- Born: 27 January 1759 Hammelburg
- Died: 24 July 1816 (aged 57)
- Scientific career
- Fields: surgeon anatomist

= Franz Kaspar Hesselbach =

German surgeon and anatomist

Franz Kaspar Hesselbach (27 January 1759 – 24 July 1816) was a German surgeon and anatomist who was a native of Hammelburg.

He was a pupil, and later Prosector under Carl Caspar von Siebold (1736–1807) at Würzburg. Later Hesselbach was a lecturer at Würzburg, where one of his students was Konrad Johann Martin Langenbeck (1776–1851). His son, Adam Kaspar Hesselbach (1788–1856) was also a surgeon.

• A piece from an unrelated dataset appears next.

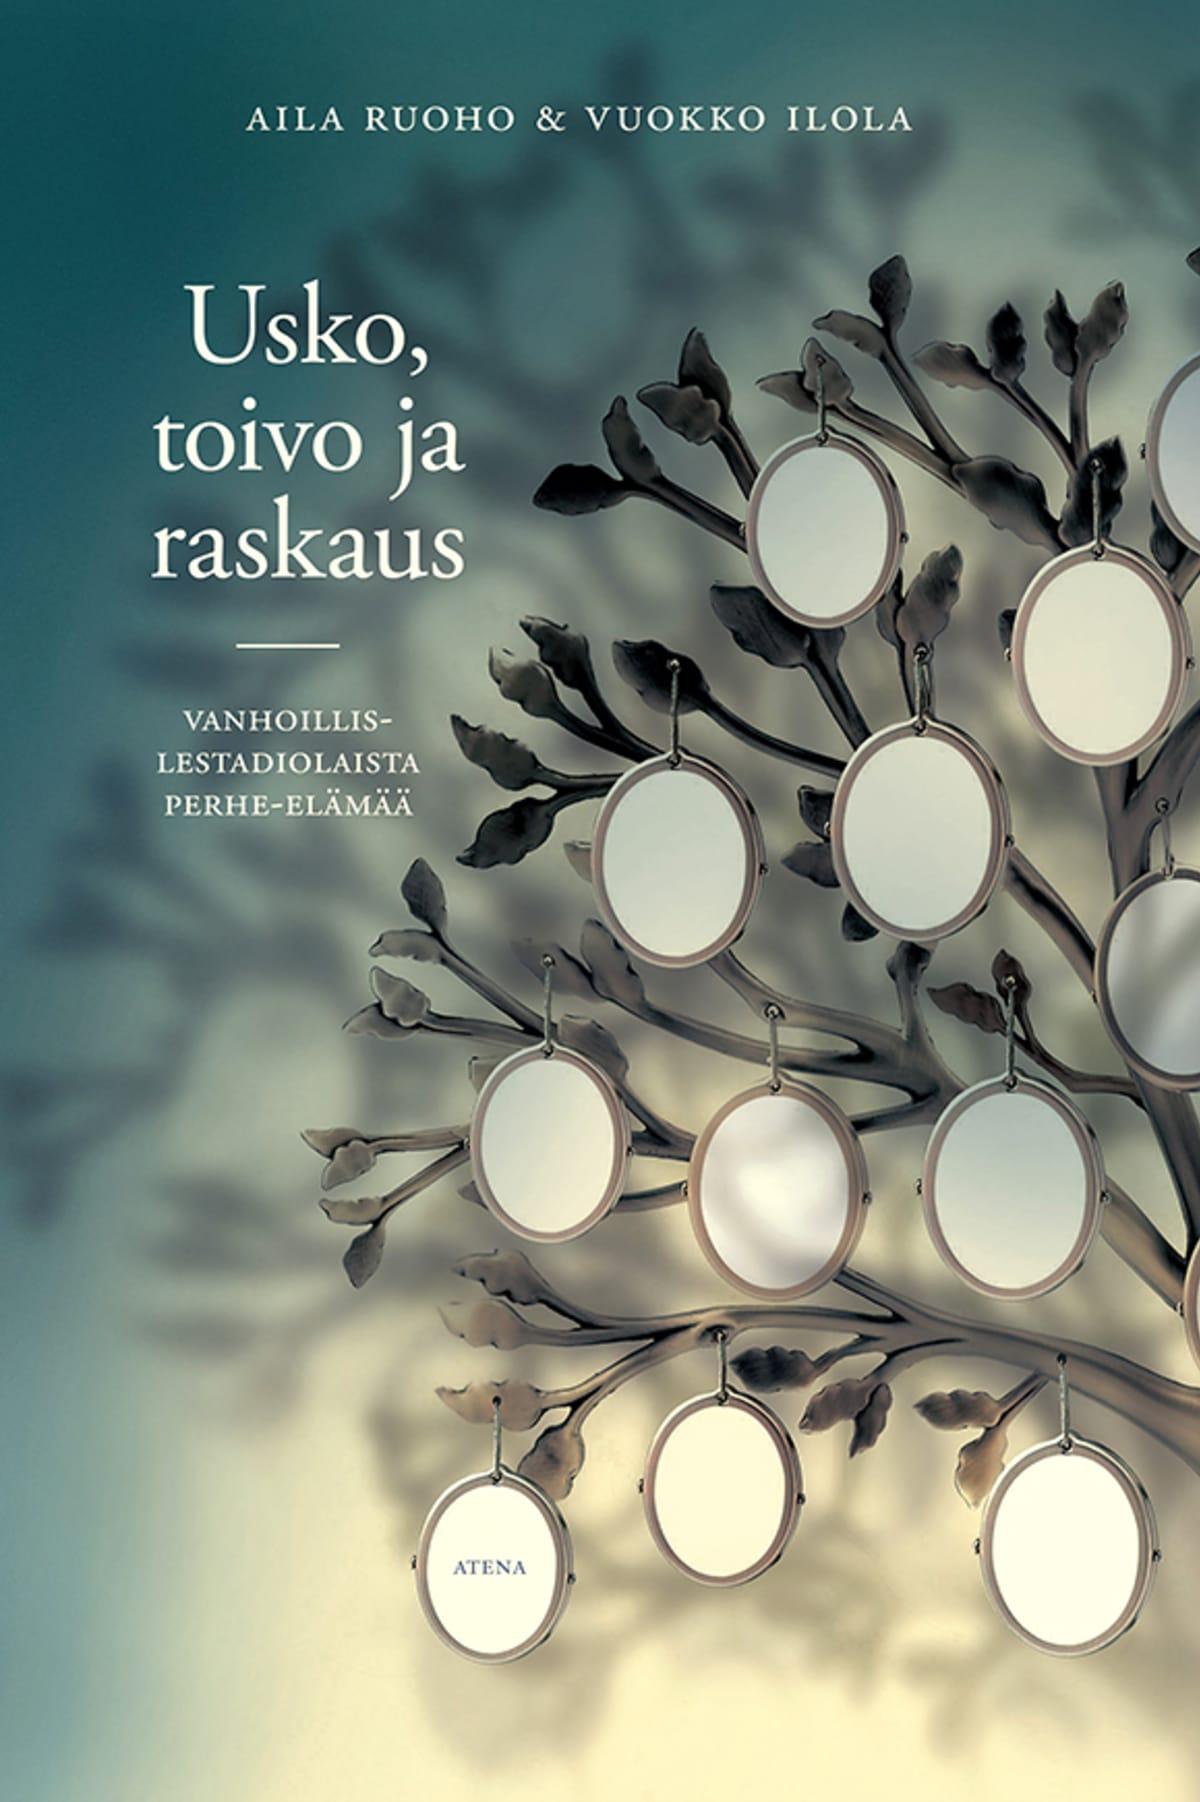 Aila Ruoho ja Vuokko Ilola: Usko, toivo ja raskaus -kirjan kansi

As a surgeon, Hesselbach is best known for his work with hernia operations. He was the first to describe a handful of anatomical structures, such as the cribriform fascia (Hesselbach's fascia), interfoveolar ligament (Hesselbach's ligament) and the inguinal triangle (Hesselbach's triangle).

== Selected writings ==
- Anatomisch-chirurgische Abhandlung über den Ursprung der Leistenbrüche. Würzburg, Baumgärtner, 1806. (Hesselbach's fascia, ligament and triangle described).
- Neueste anatomisch-pathologische Untersuchungen über den Ursprung und das Fortschreiten der Leisten- und Schenkelbrüche. Würzburg, Staheliano, 1814. (Latest anatomic-pathologic investigations involving the origin and progress of inguinal and femoral ruptures).